Joyce Halvorsen says
I ust purchased a brand new kitchaid mixer and I am dying to find out how this recipe works with the mixer. Hubby loves mint chocolate chip flavored anything ..Fun recipe….I will try the pestcahio as I do not care for mint as much as hubby. Thank you for posting recipes … looking forward to me shares.
Louise says
Do you think these will freeze well?
Jessica says
MY favorite way to freeze cookies is to make balls of dough and freeze those! You can bake them and freeze the baked cookies too, but I love the fresh-baked taste!
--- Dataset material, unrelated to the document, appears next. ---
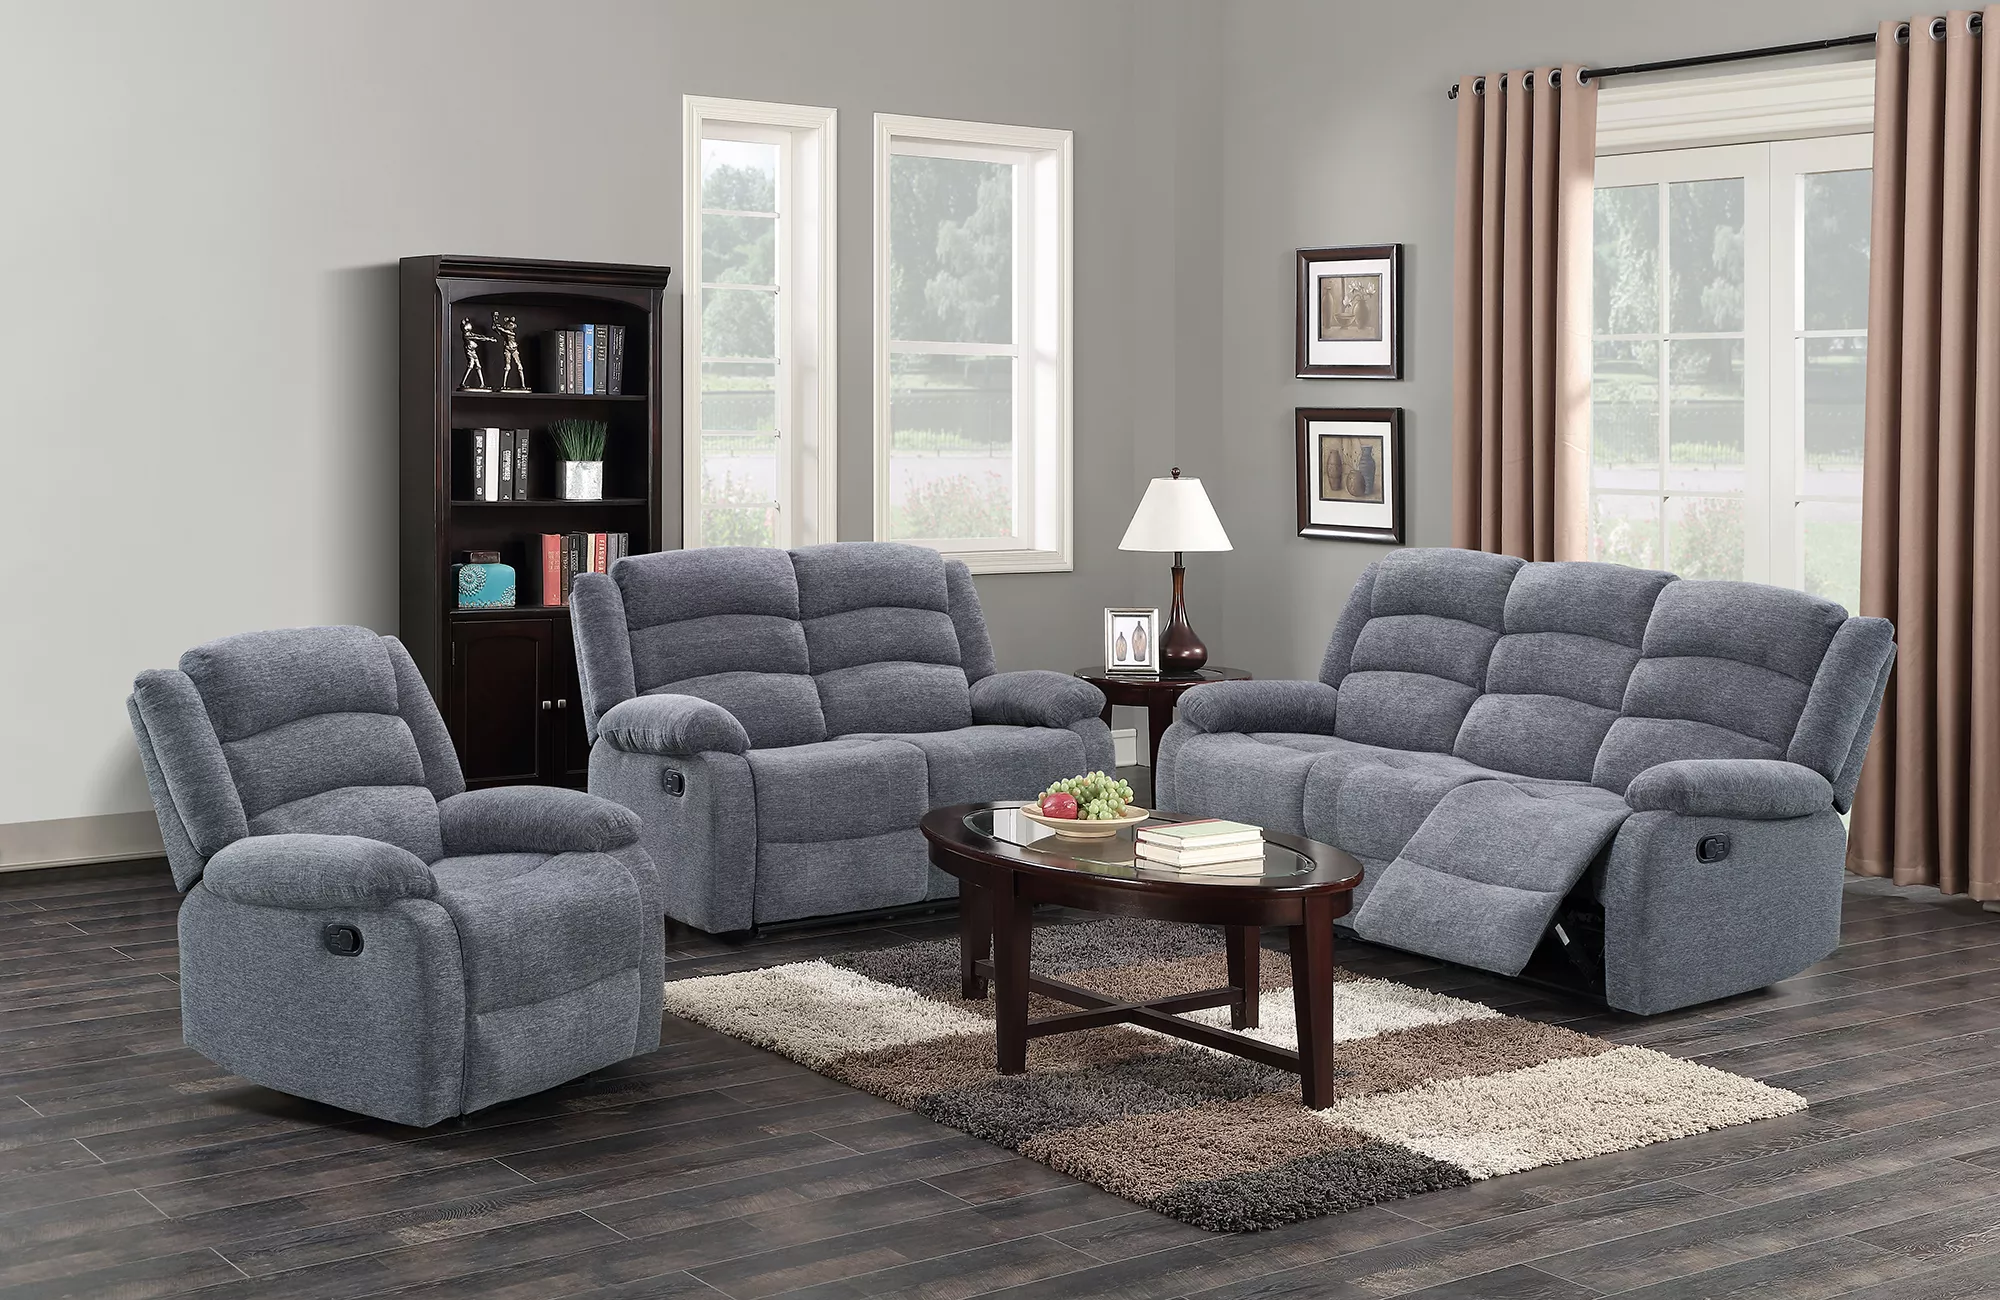 Recliner Sofas by Pepperfry: All you Need to Know

But yes, they freeze well wither way!
Joe says
Do u need the sour cream and pudding
Jessica says
Yes, you need the sour cream and the dry pudding mix in the cookies. 🙂
Mary Lynn says
Oh my God! These are sooooo good. Easy to make. Great presentation. My new favorite cookie. Thanks!
Jessica says
I’m so glad you enjoyed them!!
Brittany says
These are absolutely my favorite cookies! Thank you so much for the recipe! I took them to work and they were gone within minutes (I even doubled the batch). 🙂
Jessica says
I’m so glad you liked them Brittany! 🙂
Kathy says
Can this dough be chilled overnight?
Jessica says
Of course!
Corey G says
I doubled the recipe and the mix came out gluey. Any guess where I went wrong? I followed the steps exact but doubled everything. Hmm.
Jessica says
Did you roll the dough into logs and chill? The dough is sticky before you take this step.
Judy Bodnar says
Jessica, you did not mention this step in the above recipe….if it’s important, please amend the recipe BEFORE I make them (within 2 weeks Please)
Sandi Bartley says
Does the dough need to be rolled into logs and chilled? The recipe does not say that. I am baking these next weekend and need to know please. Thanks! ☺
Jessica says
Hi Sandi- nope! No need to roll into logs or chill- just scoop them out and bake! 🙂
Beginner says
Any advise….cooking at 10 min wasn’t long enough. 14 min burned the bottom. Is there a trick to tell when they’re cooked perfectly.
Jessica says
What type of pan are you baking them on? If they burned at 14 minutes, I wonder if you’re using a dark pan. I like to take my cookies out of the oven before they look fully cooked, then let them sit on the hot pan (out of the oven) for another 2-3 minutes to finish baking. THey’re perfect this way!